AAVLife, a Paris, France-based gene-therapy company focusing on rare diseases, raised $12m in Series A financing.
The round was led by Versant Ventures, with participation from Inserm Transfert Initiative, a French seed-investment firm linked to the French National Institute of Health and Medical Research (Inserm).
The company intends to use the funds to advance into clinical studies.
Led by Amber Salzman, Ph.D., co-founder and Chief Executive Officer, AAVLife has already advanced research of a gene-therapy approach into further preclinical studies to inform decisions about dosing and route of administration to be used in a clinical trial. The company will be conferring with regulatory authorities about toxicity-study requirements and clinical-trial design.
The goal is to start a clinical trial in 2015 to evaluate gene therapy for the cardiac dysfunction associated with Friedreich’s ataxia, which affects 10,000 to 20,000 people in the United States and Europe.
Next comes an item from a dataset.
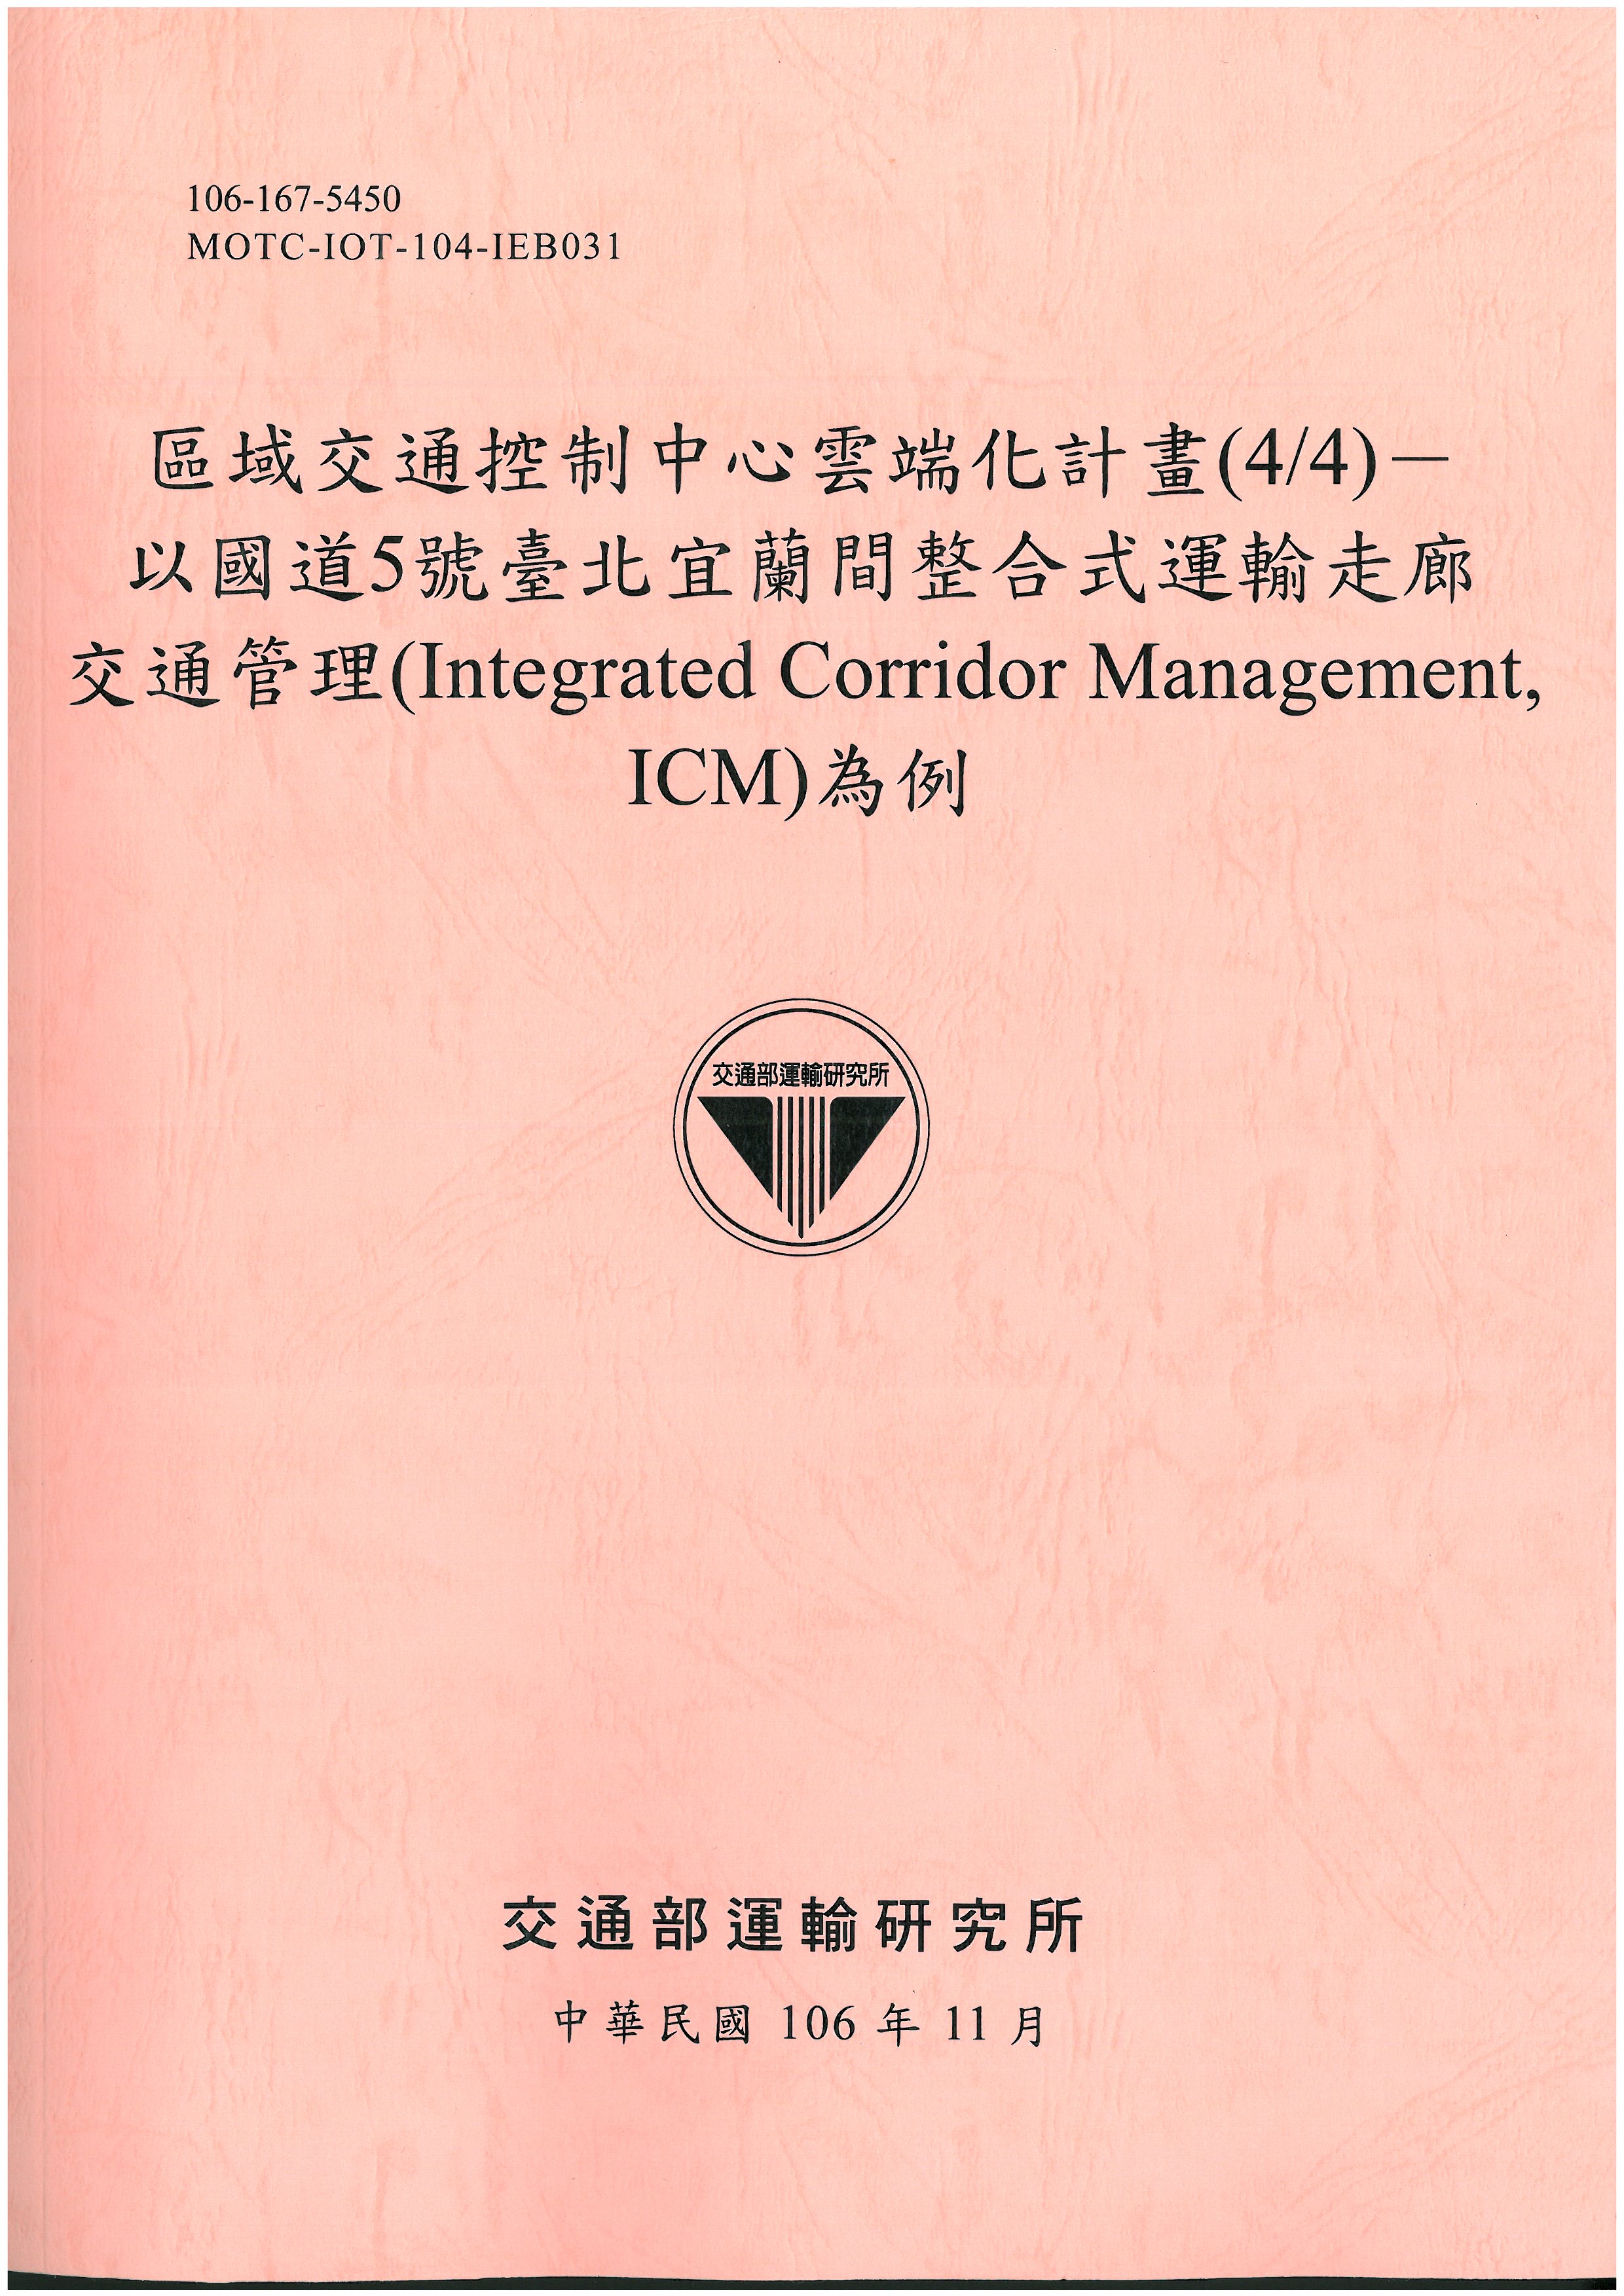 區域交通控制中心雲端化計畫(4/4)－以國道5號臺北宜蘭間整合式運輸走廊交通管理(Integrated Corridor Management, ICM)為例

Other co-founders of the company include:
– Patrick Aubourg, M.D. Ph.D, Head of Neuropediatrics at Hôpital Bicêtre Paris Sud.
– Pierre Bougnères, M.D., Ph.D., Head of Pediatric Endocrinology at Hôpital Bicêtre Paris Sud. With Dr. Aubourg,
– Ronald Crystal, M.D., Chairman of Genetic Medicine and Professor of Internal Medicine at Weill Cornell Medical College, New York.
– Hélène Puccio, Ph.D., Head of a research team at the Institute of Genetics and Molecular and Cellular Biology, University of Strasbourg, France.